Electrosteel Steels Ltd (ESL), promoted by Kolkata-based Kejriwal Group through its flagship company, Electrosteel Castings Ltd (ECL), had planned to set up an integrated 2.2 million tonne per annum (MTPA) capacity steel plant in Bokaro, Jharkhand.

The estimated project cost was Rs 7,262 crore. The project work began in July 2007.

With the progress of project works, ESL increased the plant capacity to 2.51 MTPA.

The incremental cost for the enhanced plant capacity was assessed at Rs 1,236 crore. While the promoters chipped in with an additional equity of Rs 412 crore, the additional term loan of Rs 824 crore could not be tied-up.

According to a banker clued in to the development, ESL’s financial strain has originated from its inability to adhere to the commercial operation date (COD), originally scheduled in April 2010, due to external reasons.

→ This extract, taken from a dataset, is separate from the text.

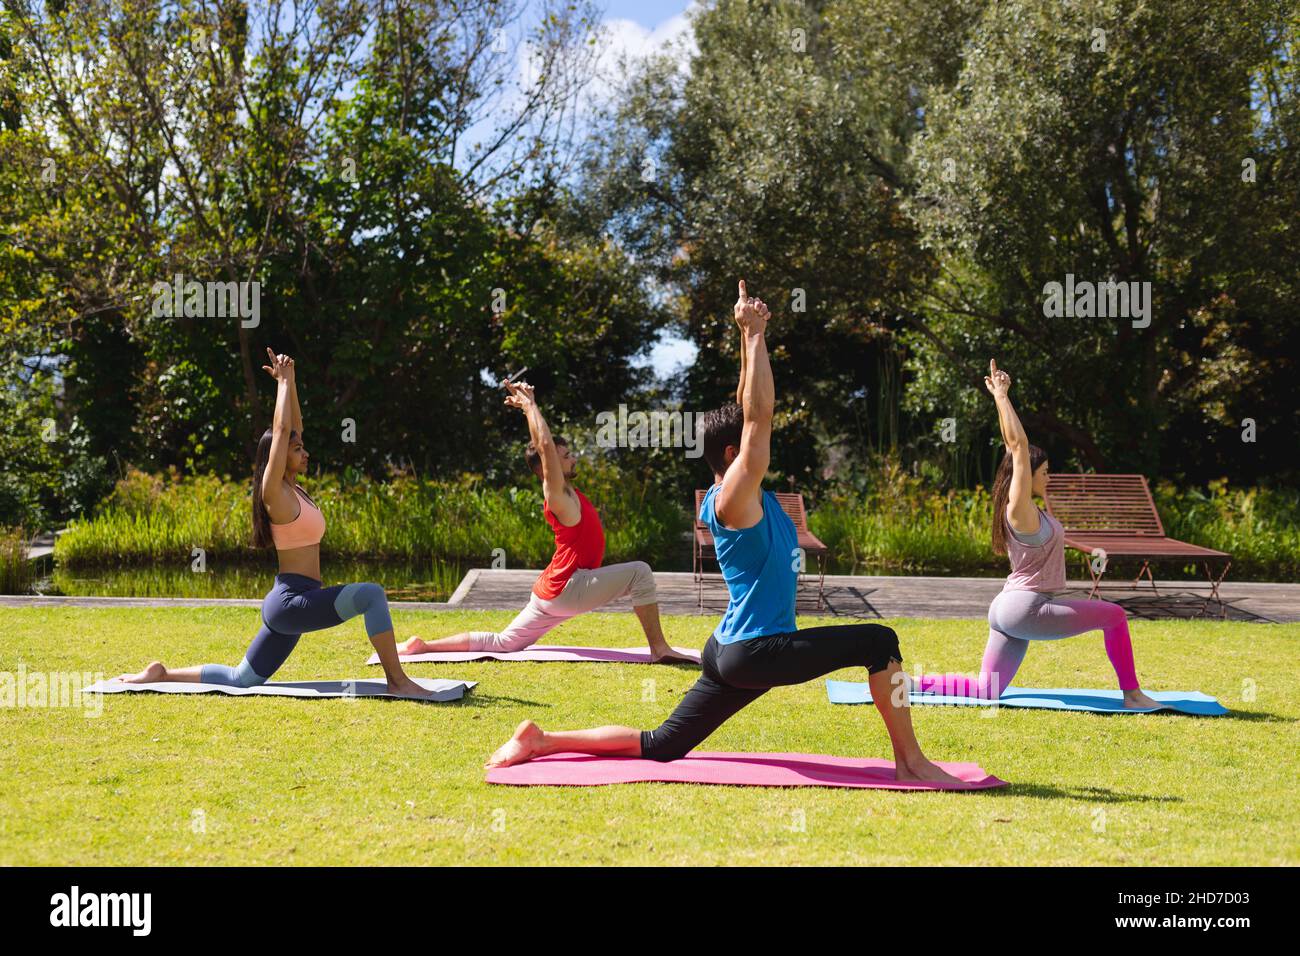 Uomini e donne con le braccia sollevate praticare yoga su materassini da ginnastica in parco il giorno di sole Foto Stock

The external reasons are: initial hassles relating to land acquisition; non-availability of Chinese labour due to visa issues; and delay in tie-up and disbursement of additional term loan for completion of work at some major modules at the plant.

Loan recast

Thirty banks and financial institutions, including State Bank of India, Punjab National Bank, Canara Bank, UCO Bank, Life Insurance Corporation of India, SREI and HUDCO, have an exposure to ESL.

The loan restructuring envisages structured repayment of existing term loans aggregating Rs 6,175 crore in quarterly instalments from December 2015 to December 2022.

The company will pay an interest rate ranging from 10.75 per cent interest to 11.50 per cent during the loan period.

ESL has proposed to infuse equity of around Rs 1,700 crore in FY15-16. A part of this (Rs 750 crore) would be used to pay the existing term loan and the balance amount of Rs 950 crore would be used for repayment of funded interest term loan (FITL).

The steel company will get fresh term loan of Rs 1,100 crore at an interest rate of 11 per cent (to be reset after three years) for the additional project cost. Interest on term loan (existing and proposed fresh term loan) from March 2013 to February 2015 will be funded and converted into FITL.

Proposed collateral

Bankers say the entire assets of the company will be pooled together. All the loans that will be extended by lenders participating in the CDR process would be secured by the pooled assets.

Further, the CDR proposal will go through only if the promoter, Umang Kejriwal, offers personal guarantee and the entire promoter shareholding of 39.64 per cent is pledged with the lenders.

A top ESL official indicated that all conditions imposed by the lenders for seeing the company’s debt restructuring proposal through will be met.

Share of ESL closed at Rs 3.79 per share, down 2.32 per cent, on the BSE.